This repository contains the official implementation for the paper: "Safer Policies via Affine Representations using Koopman Dynamics". RAMPS is a scalable safety shielding framework for deep reinforcement learning that operates in high-dimensional, continuous state and action spaces.
It combines a learned, globally linear dynamics model based on Koopman operator theory with a multi-step robust Control Barrier Function (CBF) to provide strong safety assurances during exploration.
- Scalable Dynamics Learning: Uses a Deep Koopman Operator to learn a single, globally linear model of the environment's dynamics, avoiding the curse of dimensionality that affects methods based on state-space partitioning.
- Robust Multi-Step Shielding: Implements a novel multi-step robust CBF that can handle systems with high relative degrees ("trap states") and provides guarantees even with an imperfect, learned model.
- Adaptive Horizon Selection: Employs a binary search to find the largest feasible prediction horizon at each timestep, maximizing foresight without relying on inaccurate long-term predictions.
- High Performance: The shielding logic is highly optimized, with state-independent components pre-computed to allow for lightweight, real-time execution. It is compatible with high-speed QP solvers like OSQP and qpOASES.
- Modular and Flexible: The code is structured to be modular, allowing for easy integration with different RL agents (PPO and SAC is included) and environments.
The implementation is centered around two main Python classes:
-
KoopmanLightning: A PyTorch Lightning module for training the Deep Koopman Operator. It implements a multi-component loss function to ensure the learned model is accurate, stable, and reconstructs the original state. -
CBFPolicy: The RAMPS shield itself. This class takes a learned Koopman model and a set of safety constraints (defined as polyhedra) and performs the real-time safety verification.update_model(): The pre-computation method that builds the QP structure.solve(): The lightweight, real-time method that finds a safe action.
- Python 3.8+
- PyTorch
- PyTorch Lightning
- Gymnasium
- OSQP (or qpOASES)
- NumPy, SciPy
-
Clone the repository:
git clone [https://github.com/your-username/sparkd.git](https://github.com/your-username/sparkd.git) cd sparkd -
Install the required packages:
pip install -r requirements.txt
The main training script is main_ppo.py. You can run it with various command-line arguments to configure the environment, hyperparameters, and shielding settings.

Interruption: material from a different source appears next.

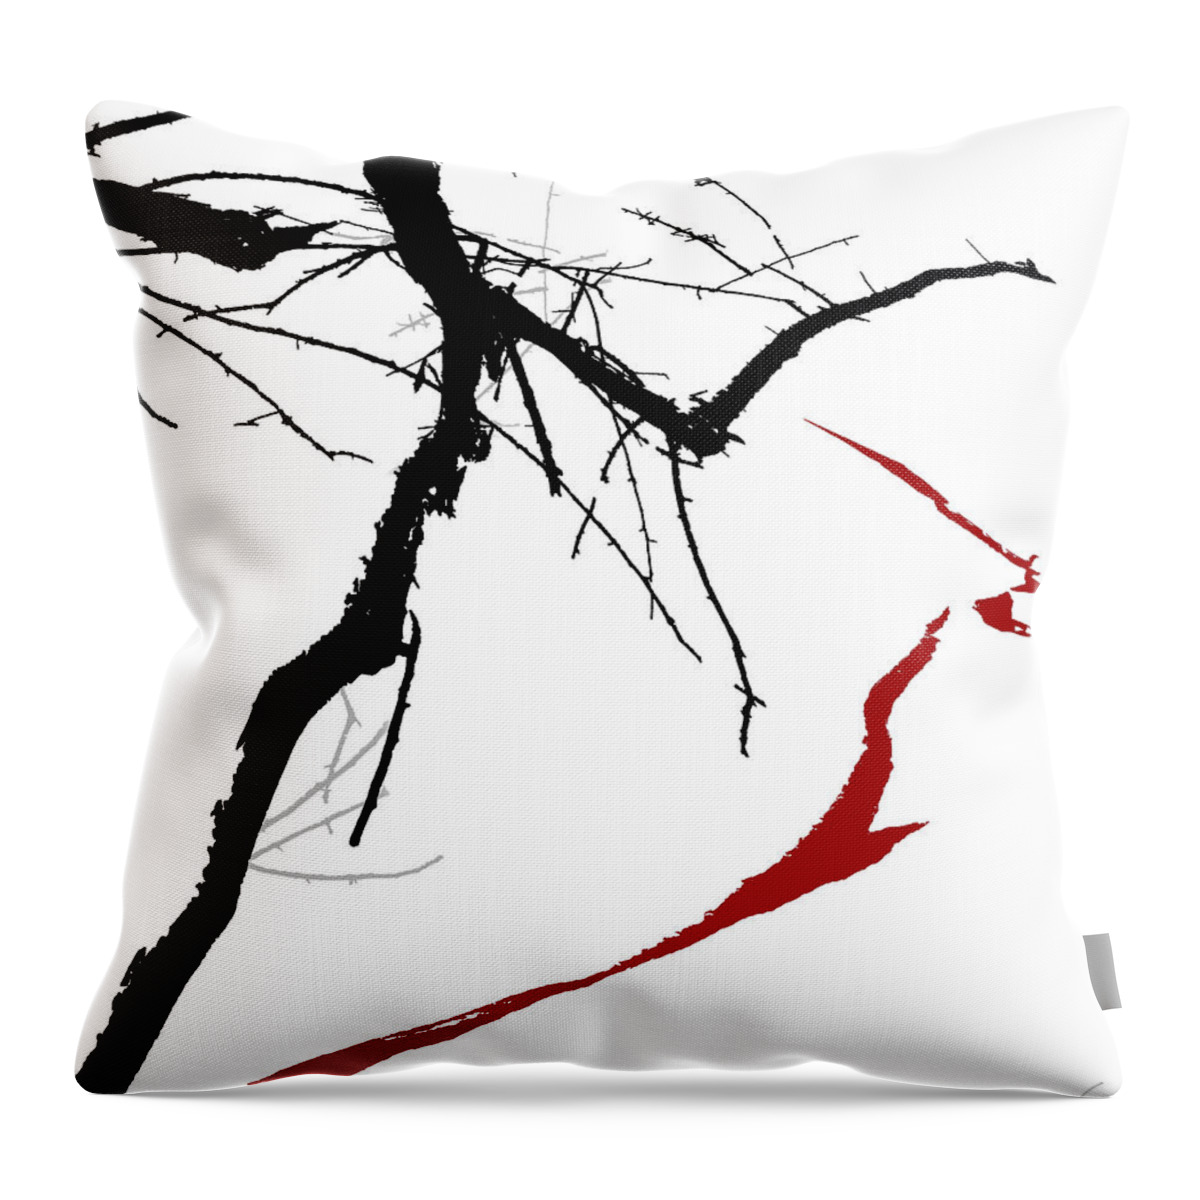 Branch Throw Pillow featuring the digital art Supernatural by Ken Walker

To train a PPO agent on the SafeCheetah environment with the RAMPS shield enabled:
python main_ppo.py \
--env_name cheetah \
--seed 42 \
--num_steps 1000000 \
--lr 3e-4 \
--horizon 5 \
--red_dim 34 \
--cudaTo run an ablation study without the safety shield:
python main_ppo.py --env_name cheetah --no_safety --num_steps 1000000 --lr 3e-4 --cudaRAMPS operates in an iterative loop:
- Collect Data: An RL agent (e.g., PPO) interacts with the environment to collect a dataset of state-action-next_state transitions.
- Learn Dynamics: The
KoopmanLightningmodel is trained on this data to learn theA,B, andcmatrices of a global linear system and a worst-case error boundepsilon. - Update Shield: The
CBFPolicyshield is initialized or updated with the newly learned dynamics. It performs an expensive, one-time pre-computation of the QP constraints. - Safe Exploration: The RL agent continues to explore, but every action it proposes is first sent to the
CBFPolicy.solve()method. The shield efficiently solves a multi-step QP to find the closest safe action, which is then executed in the environment. - Repeat: The new, safe data is added to the dataset, and the process repeats, creating a virtuous cycle where a more accurate model leads to a less conservative and higher-performing shield.